5. Complete the pre-operative evaluation (SOAP Note > Templates > OS Consult). Don’t forget to determine the patient’s ASA Classification. To complete this, you will need to determine what important medical information is most relevant. Ask a third year for help with your first oral surgery consult note.
6. Complete the consent forms. Make sure to read through the first portion of the informed consent with the patient and check off each item. It is very important to inform the patient that routine procedures can become a surgical procedure. Always inform the patient of the potential risk of paresthesia if you are removing a lower tooth. This information is not to scare the patient, but rather to inform them of all of the possible complications of surgery.

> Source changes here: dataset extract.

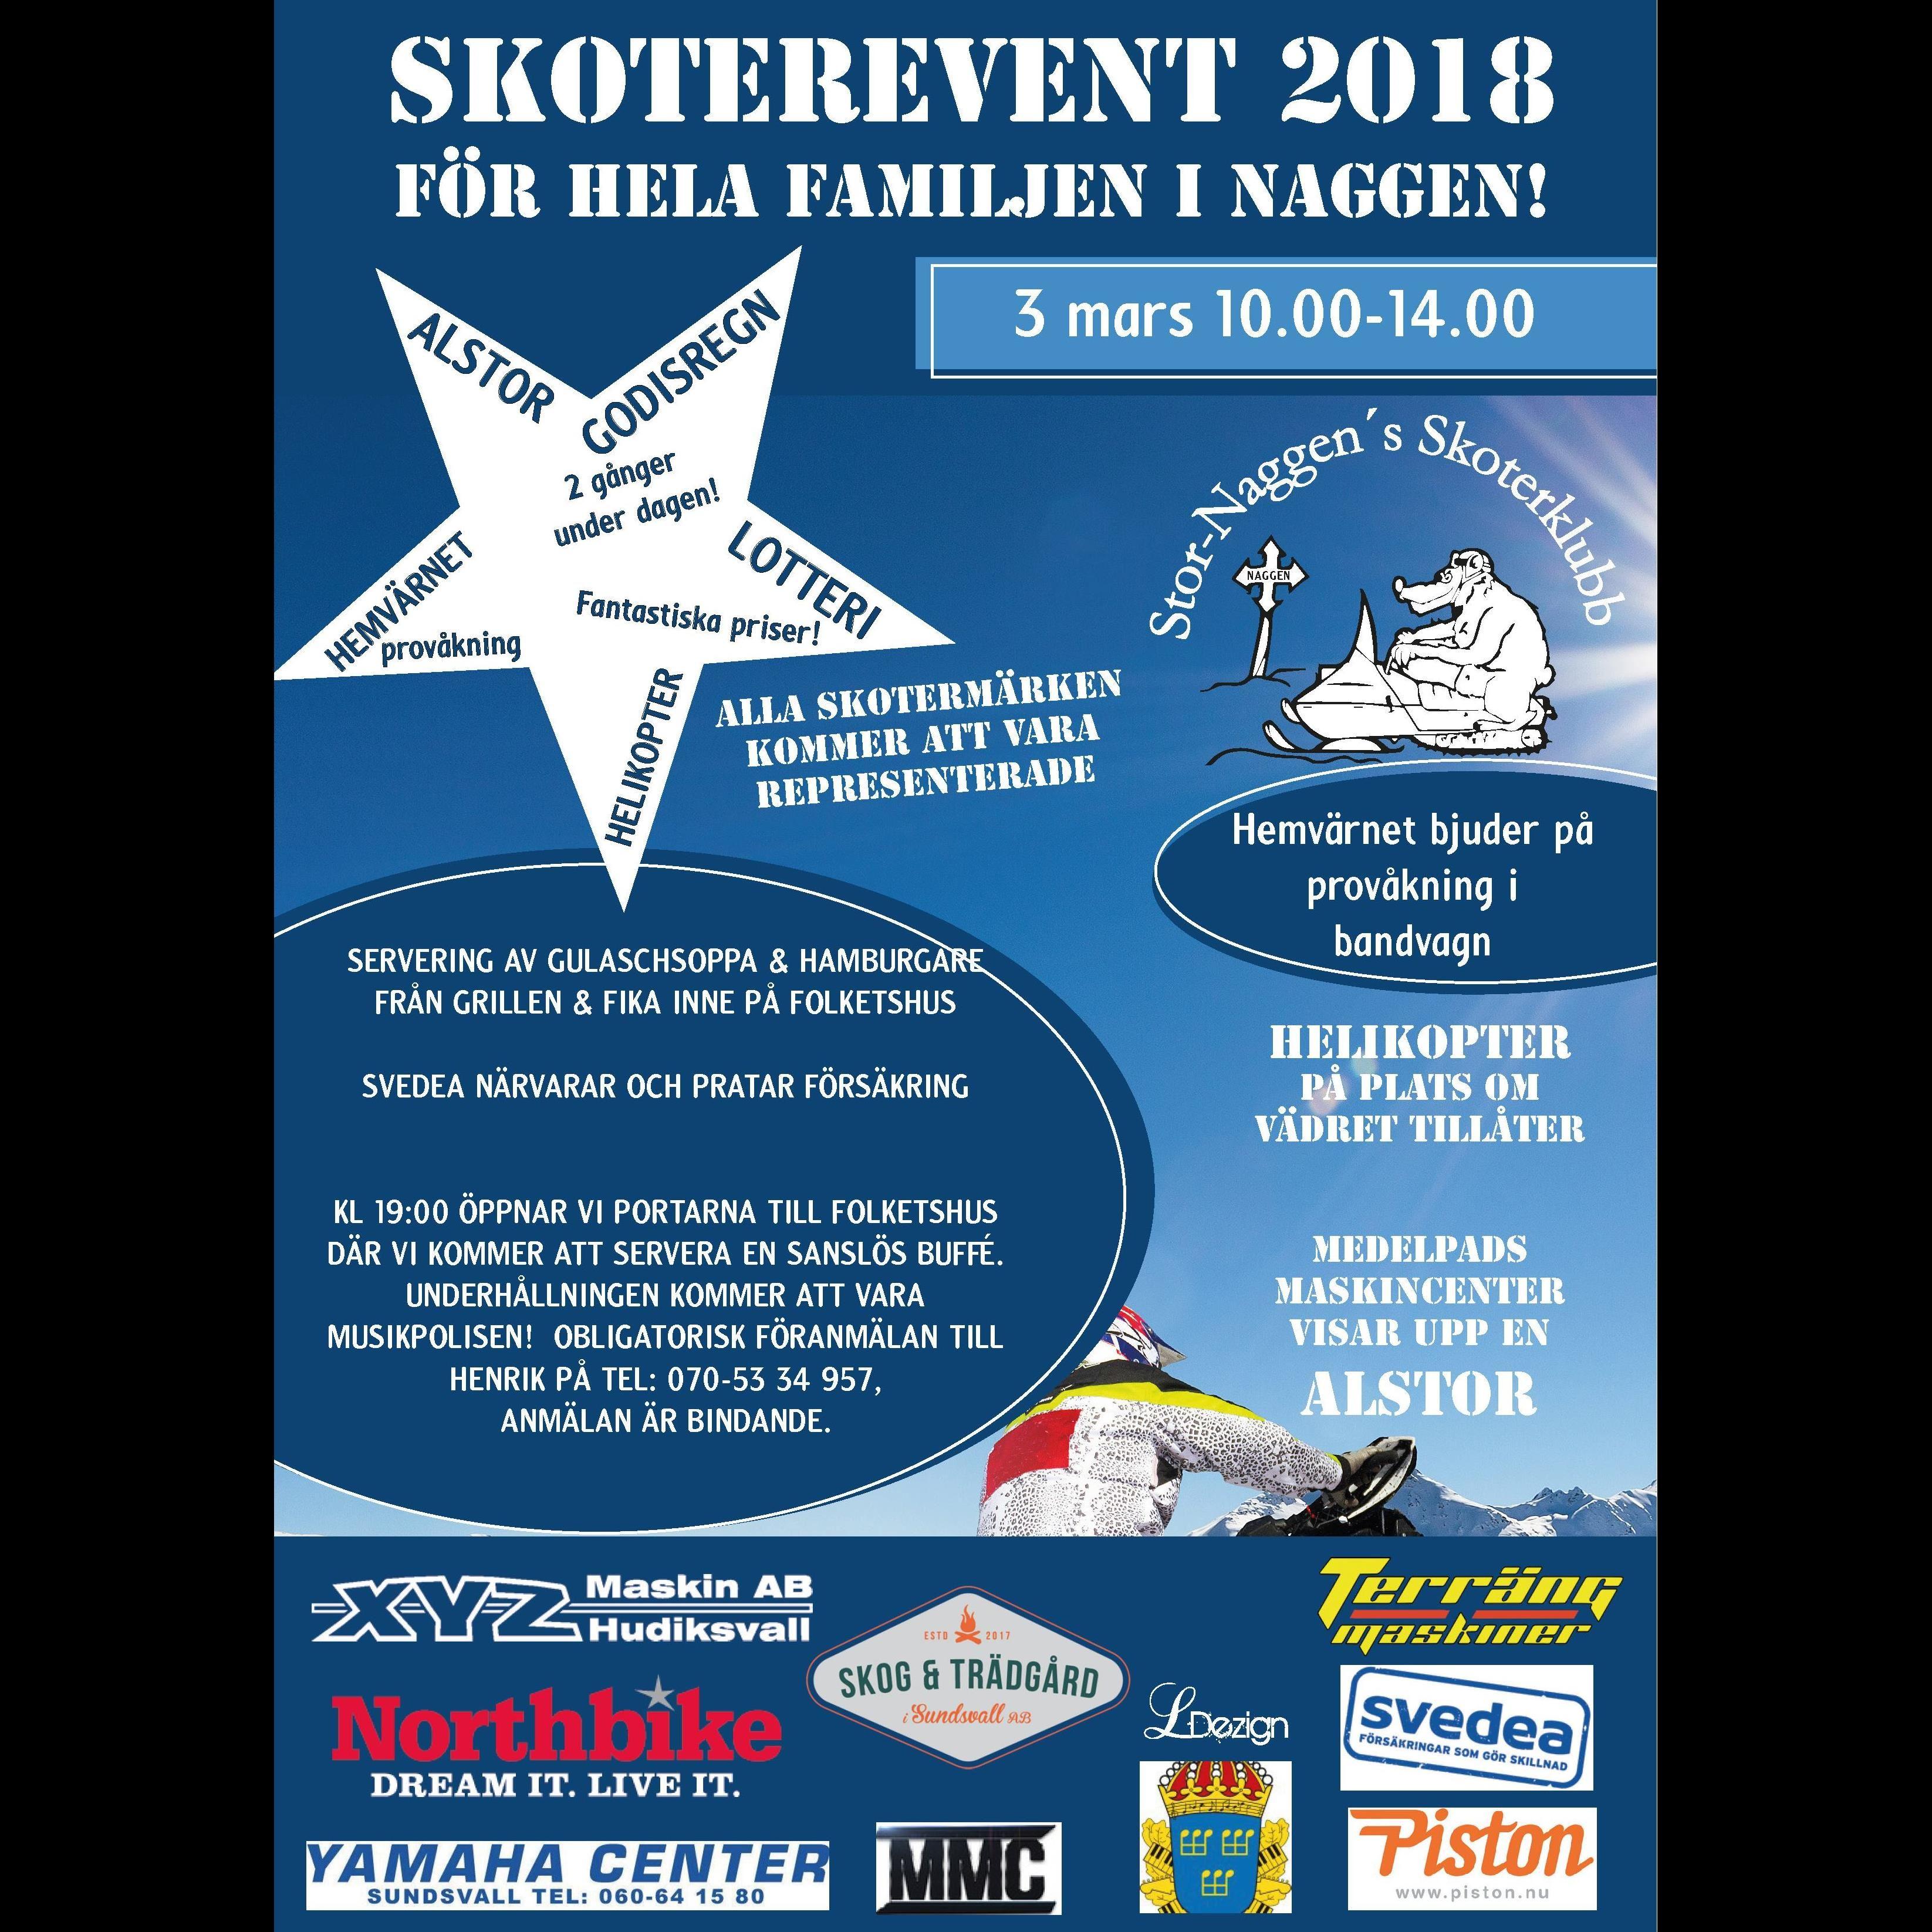 Skoterevent 2018, Naggen

7. Verify payment plan. All patients must pay for the extractions before they are performed. You must inform the patient of this, let them know what their cost will be, and that it will be due on the day they perform the extractions. The patient may be in a contract also for the surgical services and you will need to check those patients are on schedule with payments. If the extraction has not been treatment planned for the patient, the student doctor must first
complete treatment planning of the extraction before getting financial approval.
8. Present the case (typically not with the patient present) to the OS faculty. Congratulations, you have completed your first oral surgery consult! You can test case an OS treatment plan presentation competency as soon as you can handle the consult process successfully by yourself.